All that is required is that the input data have a parser that can loop over all the keys in the data to be incorporated.

.csv -> write transformer parser -> parse -> todd

.tsv -> write transformer parser -> parse -> todd

.bin -> write transformer parser -> parse -> todd

The idea is that you want people to be able to create data in whatever format is convenient for them. Perhaps this format is different between creators - it does not matter because the transformer outputs TODD format which both parties agree on.

The Contract

In a specification, say for fourbyte signatures, one would declare an arbitrary topic, thus making it clear under which term (“fourbyte” “4byte” “event-signatures” etc.) publishing IPNS names should be registered.

See here for more rationale on IPNS name based broadcasting: https://github.com/perama-v/GAMB/issues/1

The Hoovers

Many benevolent actors want to create databases as public goods. This can result in duplication of efforts and vampire attack of users.

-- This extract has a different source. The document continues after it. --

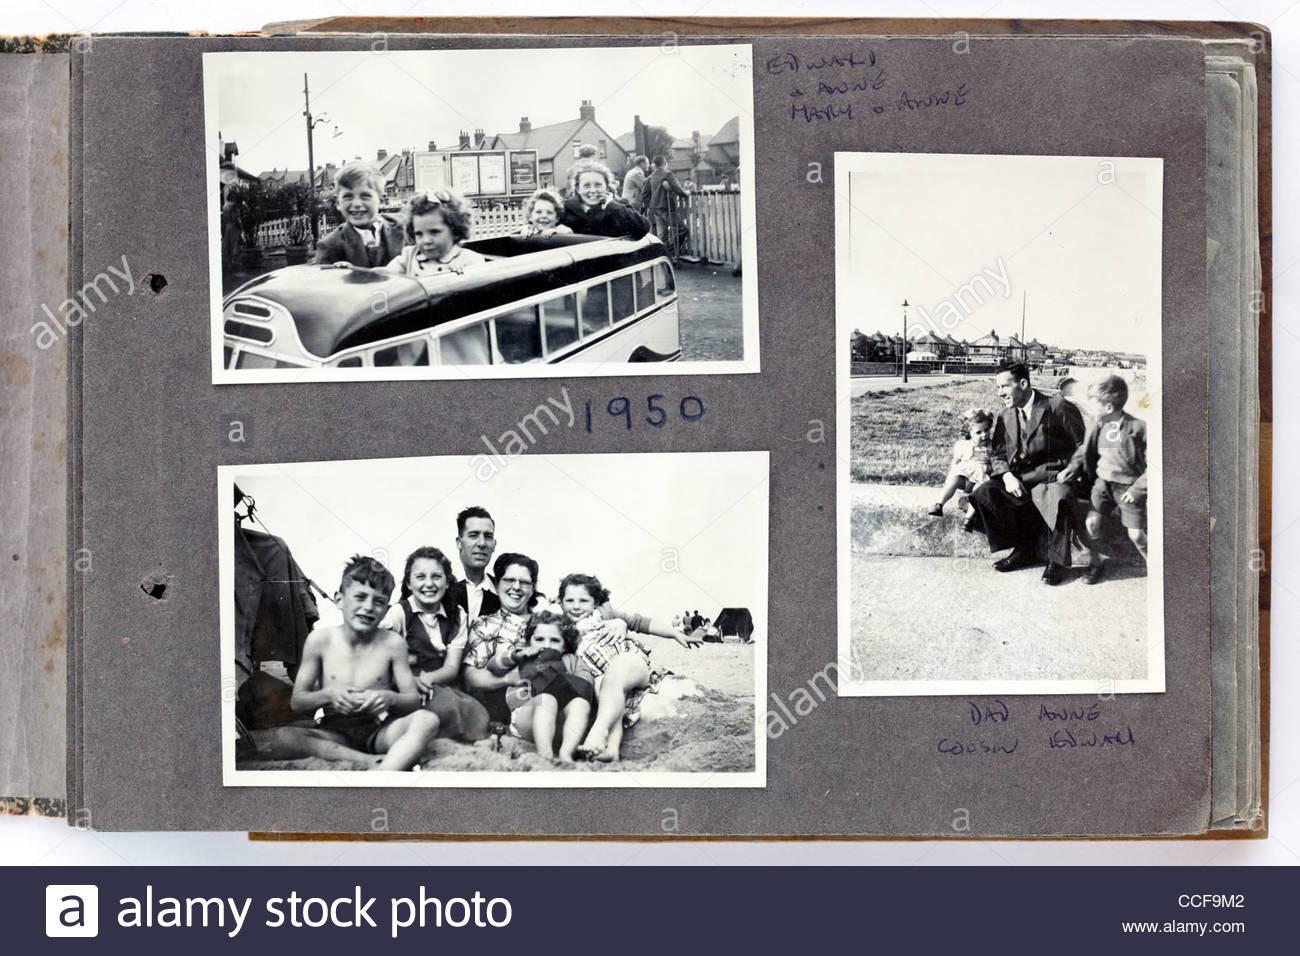 Heureux moments en famille page de l'album photo 1950 Angleterre Photo Stock

Databases that grow do benefit from easy to use APIs/UIs that let users contribute small pieces of data (e.g., pubish ABI or event signature by API). So this is not a claim that “Free API providers are the problem”. Updating databases is a criticial role.

The problem as I see it is the Molochian failure to coordinate.

The solution is Schelling points for database formats and database distribution mechanisms.

Data can be transparent, content-addressble pieces that can be periodically and permanently shared back to the user who then acts as provider.